На смену традиционной общине и эгоистическому индивиду конца Средневековья и начала Нового времени приходит «нуклеарная» семья: супружеская пара с детьми, заново изваянная ее новой функцией носителя абсолютной аффективной привязанности всех ее членов друг другу. Частная жизнь, privacy, побеждает все иные формы чувствительности, противостоя одновременно и индивидуализму, и традиционной архаической общинности. «Смерть своя» теряет смысл. Страх умереть самому в значительной мере сменяется страхом разлуки с «другим», с теми, кого любишь.

Смерть «другого», «тебя» возбуждает пафос, прежде отвергавшийся. Церемонии, совершаемые в комнате умирающего или в период траура, ранее призваны были служить барьером против избытка эмоций или безразличия. Теперь же они деритуализируются, теряют свой условный характер, становятся формами спонтанного выражения горя и скорби живых. Оплакивают не сам факт кончины, а именно физическое расставание с умершим. Сама же смерть, напротив, перестает быть печальной. Она желанна, она возвеличивается, она прекрасна! Дикая природа проникает в неприступную башню человеческой культуры, гуманизируется и сливается с ней в компромиссе прекрасной смерти. Смерть — уже не близкая и прирученная, как в традиционных обществах, но и не абсолютно дикая. Она становится патетической и красивой, как сама природа в своей огромности и бесконечности, как море, как бескрайняя равнина. Прекрасная смерть — это компромисс, позволяющий канализировать непомерную патетику, но требующий и уступок: явление, которое хотели уменьшить и прикрыть, спрятать, предстает в необычайном блеске и пышности.

Однако смерть не могла бы явиться в облике высокой красоты, если бы не перестала ассоциироваться со злом. Древнее тождество между смертью, физической болью, моральным страданием, грехом нарушается. Наш параметр 4, долгое время неподвижный^ начинает меняться. Зло отступает, покидает душу и сознание человека, где оно, как считалось, главным образом и пребывает. Первой исчезает в XVIII в. (в Англии, возможно, уже столетием раньше) вера в ад и в неразрывную связь между смертью и грехом или же моральным терзанием. Реальность физического страдания пока еще не оспаривается. Проблему ада научная мысль и богословие ставят самое позднее в XVIII в., а уже к началу следующего столетия дело сделано: и в католических, и в протестантских культурах страх ада перестает существовать. Теперь уже невозможно поверить, будто ушедший любимый человек может подвергаться риску адских мук. Самое большее — у католиков — остается еще вера в чистилище, сводящая благочестивую озабоченность живых к недолгому периоду, пока душа умершего проходит это последнее испытание.

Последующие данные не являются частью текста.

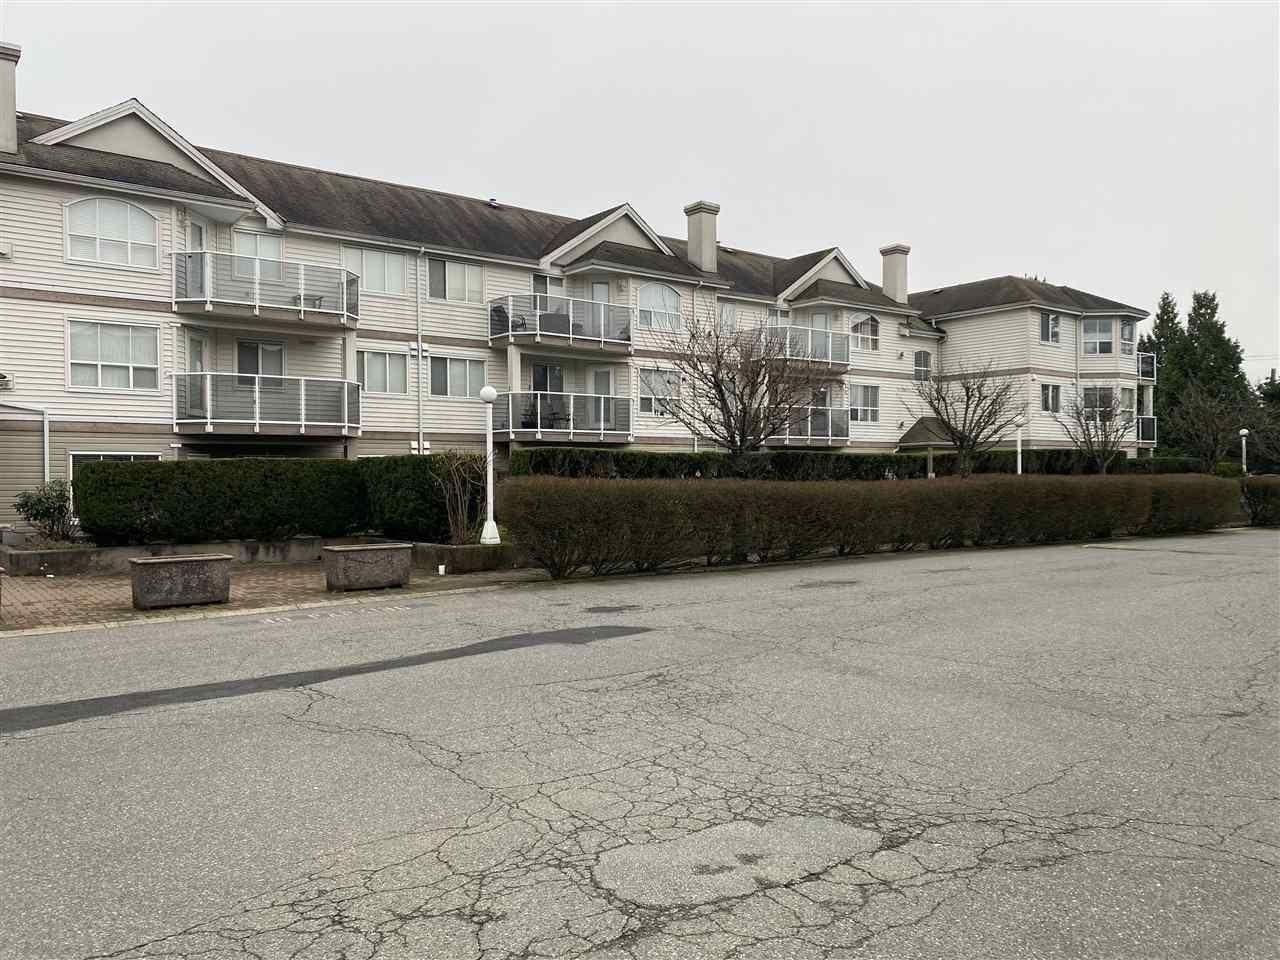 Main Photo: 207 12769 72 Avenue in Surrey: West Newton Condo for sale : MLS®# R2614485

Если же ада больше нет, то и рай меняет свой облик. Речь идет о нашем параметре 3: вера в продолжение существования после смерти. Мы проследили выше медленный переход от мирного сна homo totus к апофеозу бессмертной души. В XIX в. побеждает иное представление о потустороннем мире. Небеса становятся местом, где любящие сердца, потерявшие друг друга на земле и не принявшие этой разлуки, встречаются вновь. Рай воссоздает земные чувства и привязанности и гарантирует им вечность. Таков рай христиан, таков же и астральный мир спиритов и тех, кто верит в переселение душ. Но таков же и мир памяти об умершем у неверующих или вольнодумцев, отрицающих реальность жизни после смерти. Различия между учениями могут быть сколь угодно большими, в практике того, что можно назвать культом мертвых, они куда слабее. И те, и другие, и третьи строят мысленно один и тот же прекрасный замок, подобный земным жилищам,

чертог, где когда-нибудь — неважно, во сне или наяву, — они вновь обретут тех, кого ни на минуту не переставали страстно любить, оплакивать и ждать.

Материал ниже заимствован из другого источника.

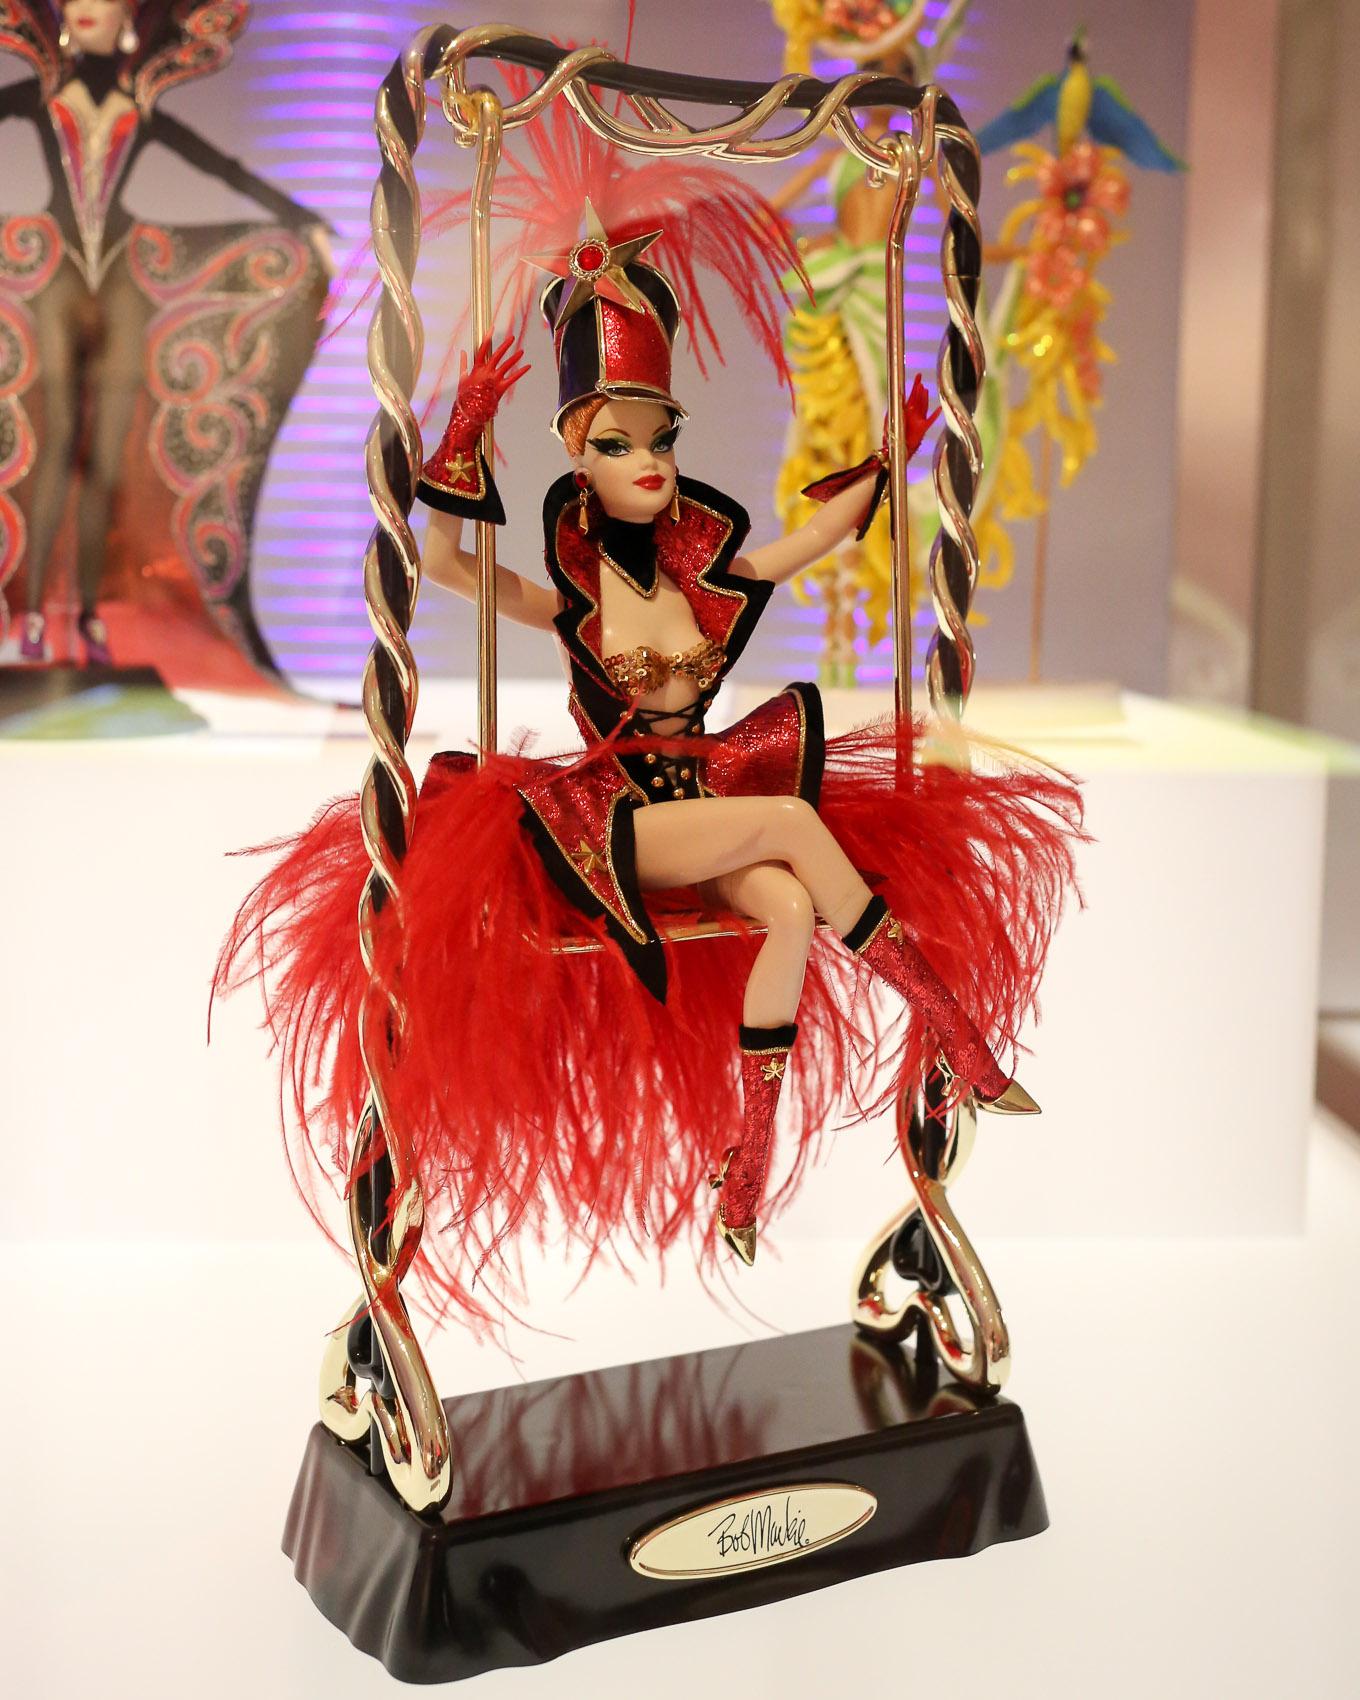 Kansallismuseo - Barbie-näyttely-7.jpg

Психологический пейзаж, сложившийся в XIX в., просуществовал недолго: не более полутораста лет. Но модель, пришедшая ему на смену и названная нами «смерть перевернутая», явилась продолжением структур и тенденций менталитета, возникших ранее. Вместе с тем она противоречит предшествующей модели в ее наиболее ярких проявлениях. Все происходит так, словно тенденции XIX в. вызвали к жизни в процессе своего развития явления прямо противоположные.

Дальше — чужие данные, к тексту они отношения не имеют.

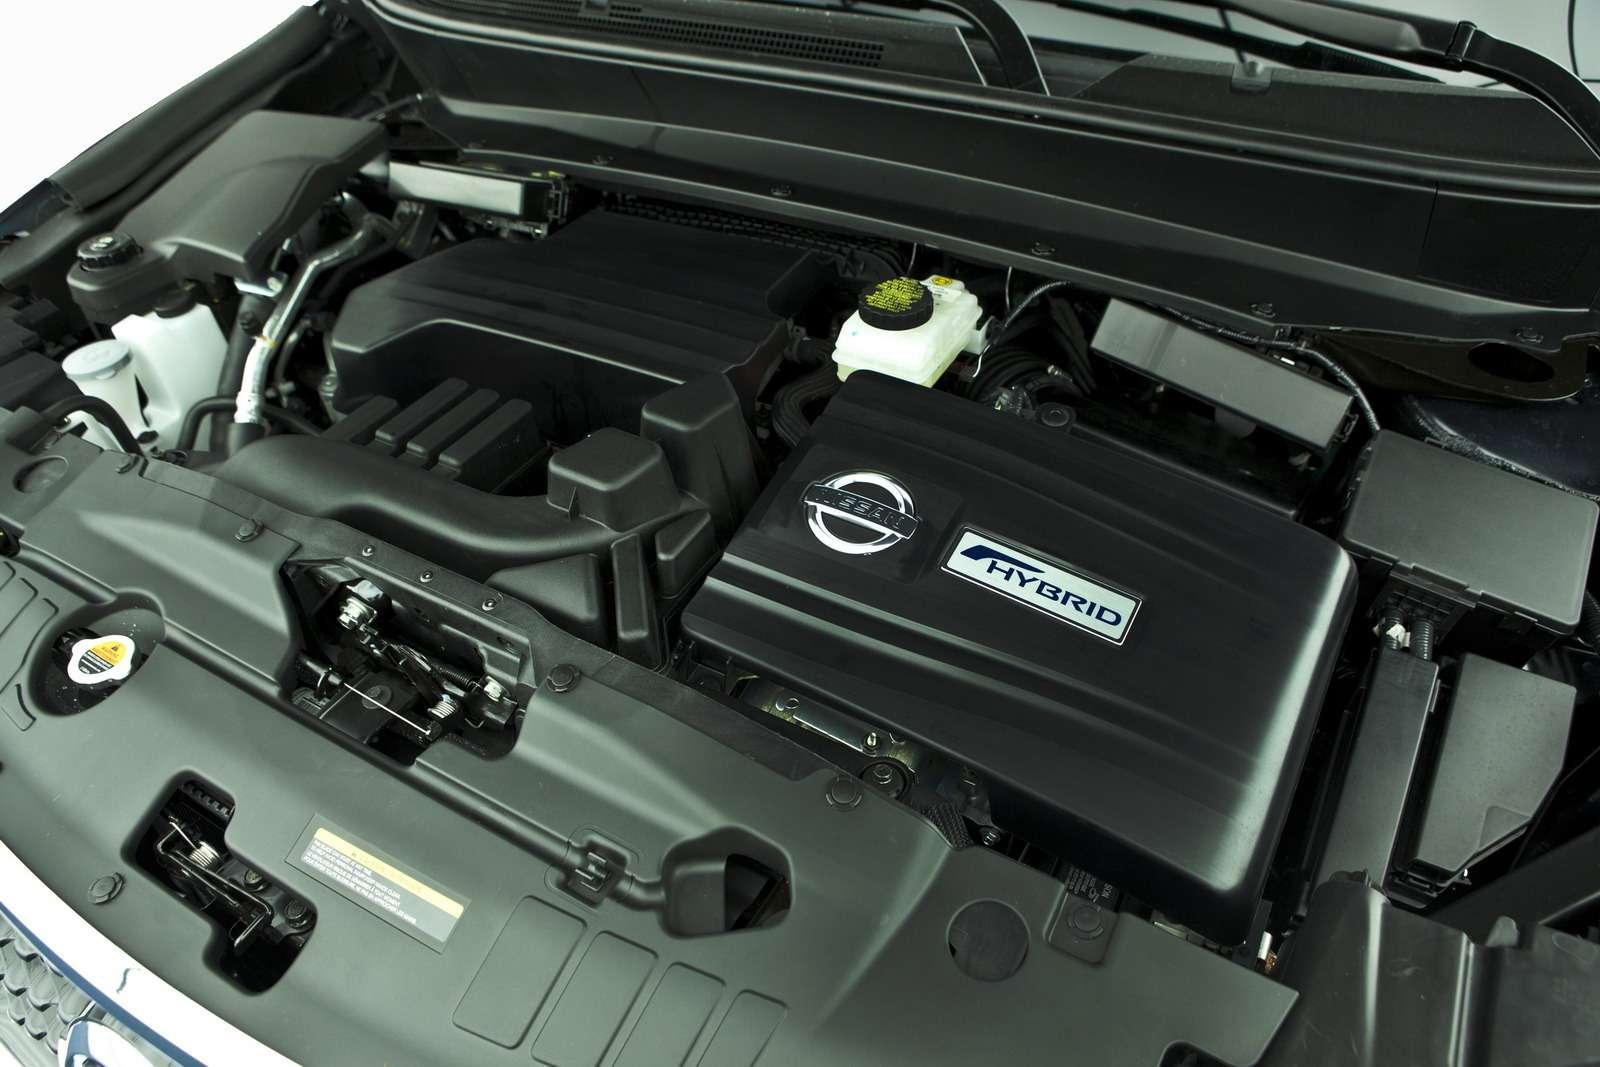 2014 Nissan Pathfinder Hybrid Offers 26MPG Combined Fuel Econom

Сегодняшняя модель смерти по-прежнему определяется чувством privacy, но ставшим еще жестче, еще требовательнее. И однако, часто можно слышать, что чувство это ослабевает. Мы имеем здесь дело со стремлением к абсолюту, не терпящему ни одного из тех компромиссов, которые общество эпохи романтизма принимало, маскируя их своей риторикой (мы сегодня сказали бы: «своим лицемерием»), Сейчас мы требуем, чтобы доверие между людьми было полным — или никаким. Мы не допускаем больше промежуточных состояний между успехом и провалом. От смерти человека мы требуем большего совершенства, чем от жизни.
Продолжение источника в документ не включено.